Michael Eklund is a Canadian television and film actor who is known for playing the role of the villain or antihero. His characters are often described as being "creepy".

His roles include a kidnapper who terrorizes characters played by Halle Berry and Abigail Breslin in the 2013 psychological thriller The Call, serial killer Barton Mathis in the second season of the superhero TV series Arrow, drug trafficker Zane Morgan in the second season of the psychological horror drama series Bates Motel (2014), Martin, the leader of a hedonist group called "The Rowdy 3" on the sci-fi TV series Dirk Gently’s Holistic Detective Agency (2016–2017) and demon Bobo Del Rey on the sci-fi TV series Wynonna Earp (2016–2021).

==Early life==
Born in Saskatoon, Saskatchewan, Eklund fell in love with the movies at five years of age when his mother took him to see his first movie. He participated in school theatre then later decided to study painting at the Alberta College of Art in Calgary before dropping-out and moving to Vancouver in order to pursue an acting career.

==Career==

===Television===
While living in Vancouver, Eklund has appeared on several Canadian and American television series filmed in the area.

His first television role was in 2000 as a police officer in an episode of the sci-fi series Dark Angel. Eklund appeared on an episode of Stargate SG-1 in 2002, and appeared in 2 episodes of Battlestar Galactica the following year. In 2005 he appeared on the Canadian series Da Vinci's Inquest and Cold Squad. He also had a recurring role on the Canadian mini-series Terminal City that same year.

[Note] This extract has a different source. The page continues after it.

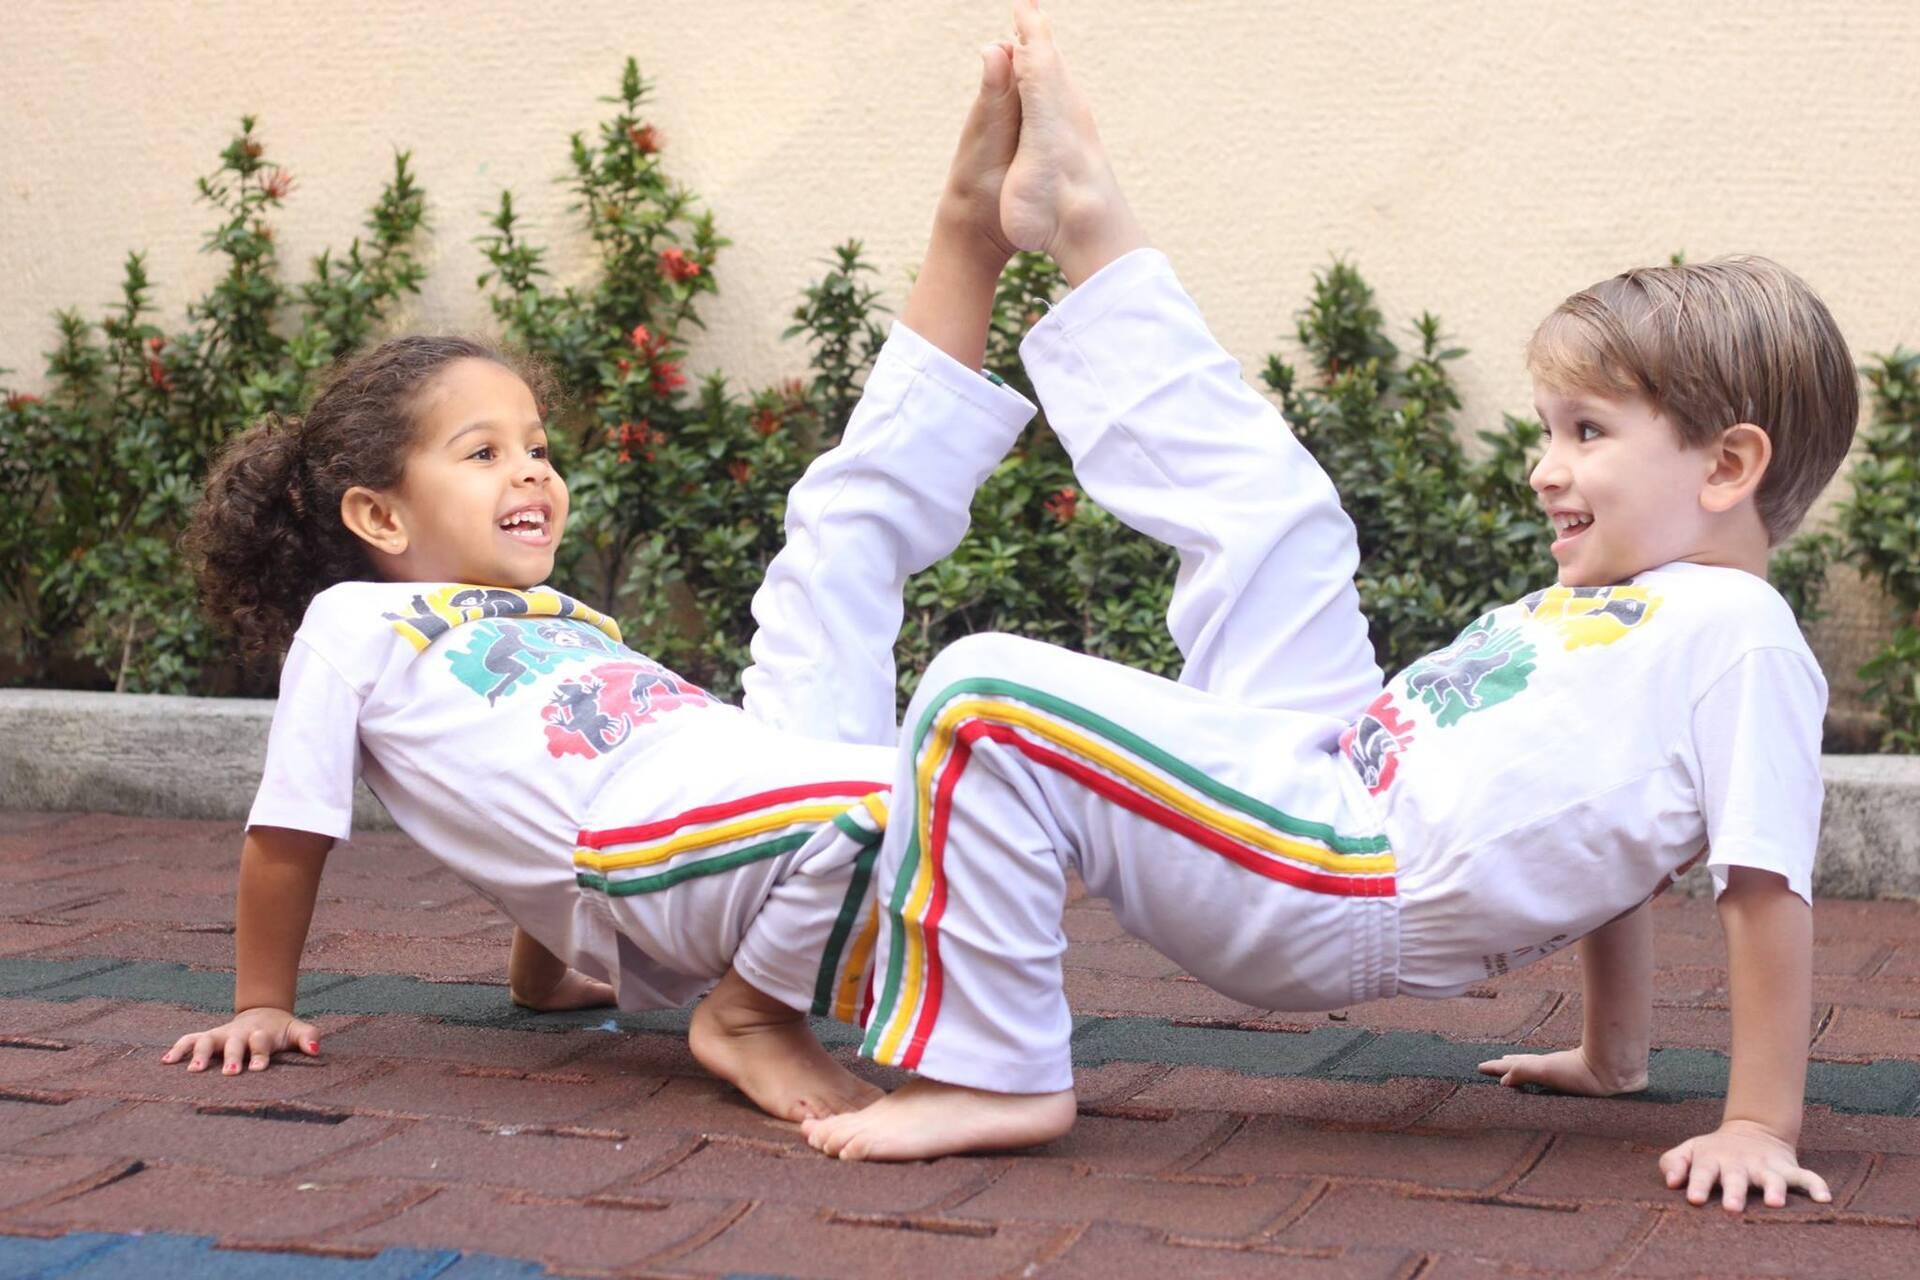 """5865b2d68af75 """"Levando em conta que a criança apreende o mundo através da experiência  concreta, a Capoeira se revela um meio privilegiado de aprendizagem por  colocar a ..."""

Eklund appeared in 2 episodes of Smallville in different roles in 2001 and 2007. From 2005–2007 he played narcotics detective Rene Desjardins on the Canadian crime drama series Intelligence. In 2007 Eklund also had a recurring role on the Canadian series Blood Ties.

In 2008 Eklund appeared on an episode of Supernatural. In 2009 and 2010 he appeared on episodes of the Canadian series Flashpoint . In 2010 he also appeared on episodes of the sci-fi series Caprica and Fringe. He also had a recurring role on the Canadian series Shattered that same year. In 2012 Eklund appeared in 2 episodes of the sci-fi thriller series Alcatraz. He also appeared in an episode of Arrow in 2013.

In 2014 Eklund played Zane Morgan, a recurring character in the second season of the psychological horror drama Bates Motel. In 2015 he also played recurring character Robert Zorin on the Canadian sci-fi series Continuum.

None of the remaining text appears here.